Over the past few weeks, it feels as though I have been living the literal interpretations of a proverb book that contain all of life’s secrets, but you still have to figure them out because of they’re cryptic nature. I’ll give you some examples of what I mean:
“A rolling stone gathers no moss,” yes, this is true, it’s been scientifically proven. However, if that stone doesn’t stop every once in a while to grow a little moss, he’s not going to have anything to show for at the end of the trip. We’ve been planning our wedding, and when I say we, I mean mostly her, for the past year (it’s in August if you care to know). We both work full-time as anyone today has to, and then the weekends are filled with either repairing some major flaw to our house, or finalizing details for the wedding. More than anything I want my girl to have the wedding of her dreams, but every so often a breath needs to be taken before your lungs burst.
“A bird in the hand is worth two in the bush,” I still don’t have the foggiest what the actual meaning of this is supposed to be, but let me tell you, birds bite! Our neighbor kid found a Senegal Parrot a few weeks ago and for a few days we took care of her (we think it’s a her). I thought having a dog, two cats and a fiance we’re a lot of work. Nope, that bird took all the ‘free’ time I had, plus hi-jacked some more from the rest of everyone else to make itself happy.
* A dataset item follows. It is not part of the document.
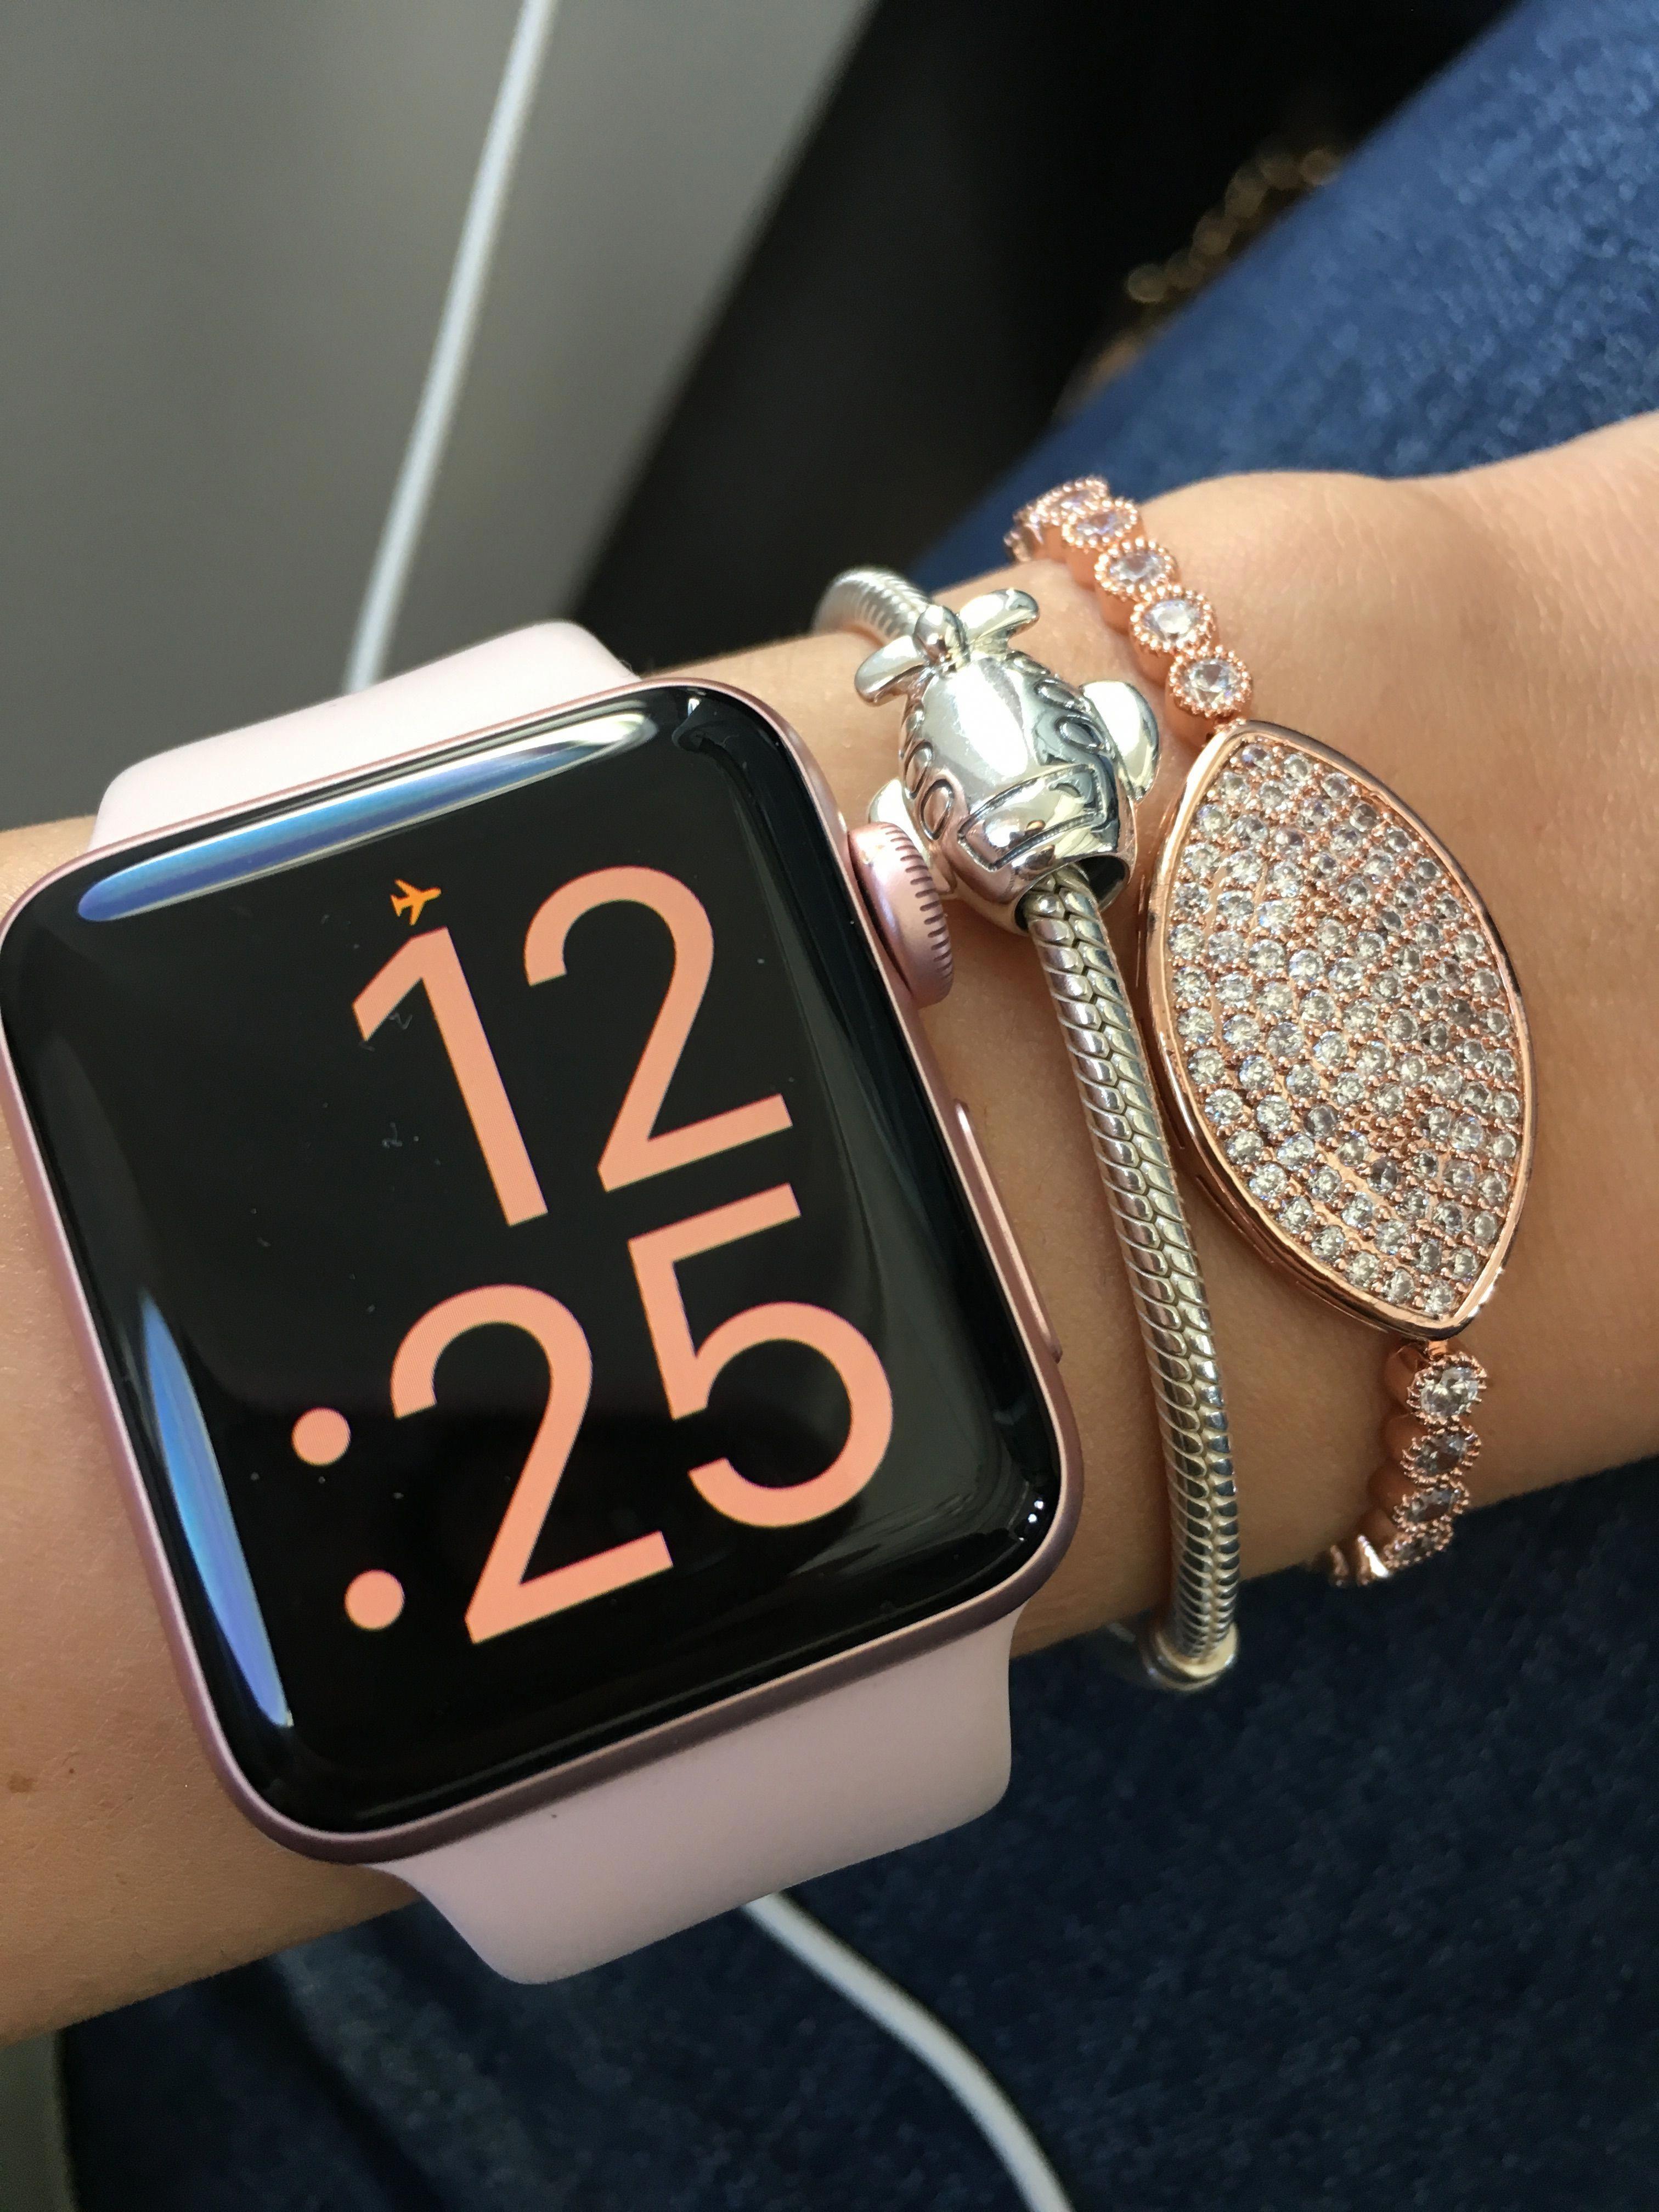 Rose Gold Apple Watch And Pandora Applewatchseries1 Apple Watch Fashion Rose Gold Apple Watch Gold Apple Watch
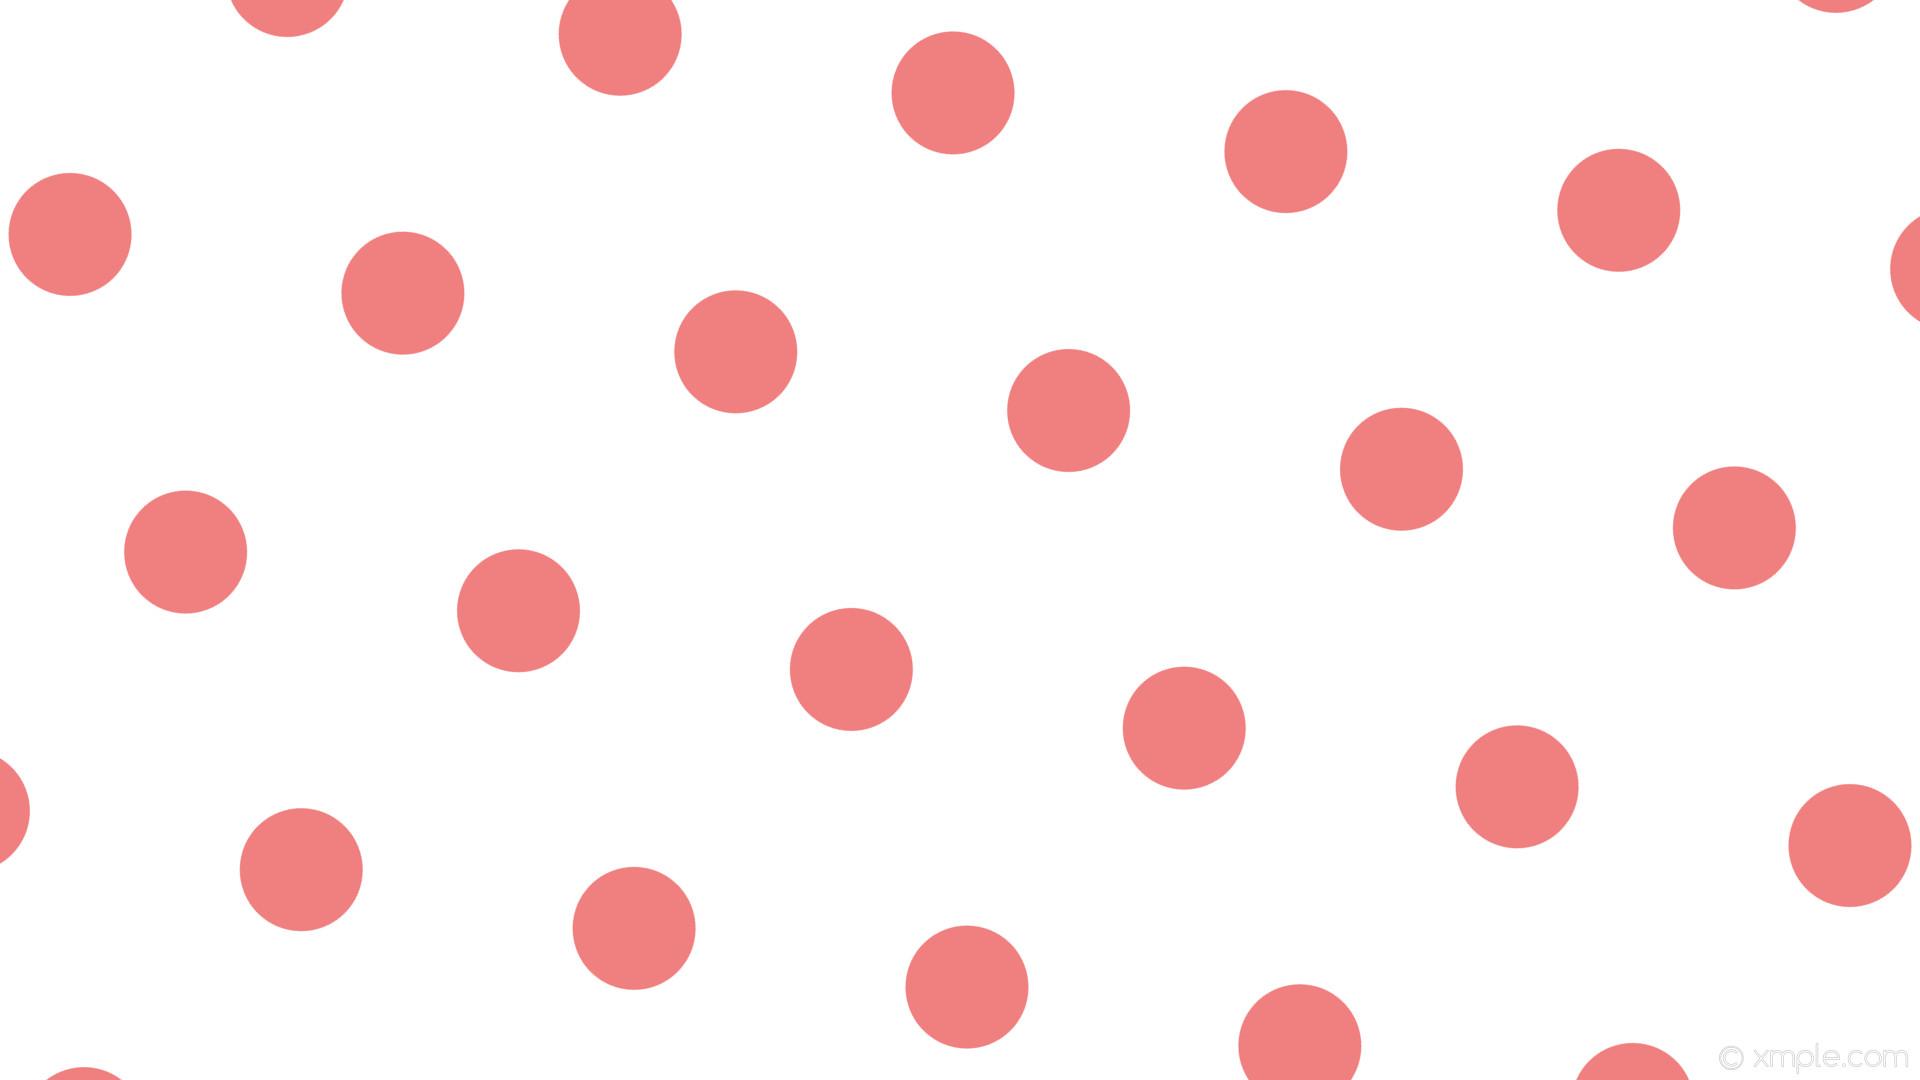 wallpaper red polka dots hexagon white light coral #ffffff #f08080 diagonal  50° 123px

Smart bird, fun to have around, but with the lives we lead, the time we need to invest just isn’t available for another animal.
“Don’t crap where you live,” this is a pretty straight-forward one. I always took it to mean don’t mess up your home environment, keep unwanted filth out, try and keep a harmonious atmosphere, that sort of thing. That was until this past weekend. My fiance and I went down to San Antonio for the weekend to get away, as well as dog-sit (her job, not mine). Not a big deal normally, but these are King Charles something or others that are of breeding quality, and there are THIRTEEN of them! Five adults, all females, and the rest are puppies, maybe seven or eight weeks old. Most of the puppies are girls too. Yikes. I stopped trying to identify them by name and just call the group the shit monsters. They are the very definition of this proverb.
“Stop and smell the roses,” unless they have wasps, or bees, or some other possibly stinging insect hovering around them. This one applies mainly to my fiance. If it flys, and is of the insect order, she’s terrified of it. We’ve joked that when we have kids, and there are ever wasps or something outside with them, she’d lock the door to keep all of them out. Why does it have to be roses? I never thought roses smelled all that wonderful anyhow, cinnamon rolls, or fresh pastries however, are very worth stopping to smell.
So, as you can see, those are only a few examples, but I could have gone on for quite a while like this, but you’re bored with this so go and read another more interesting post now. Shoe! Go on!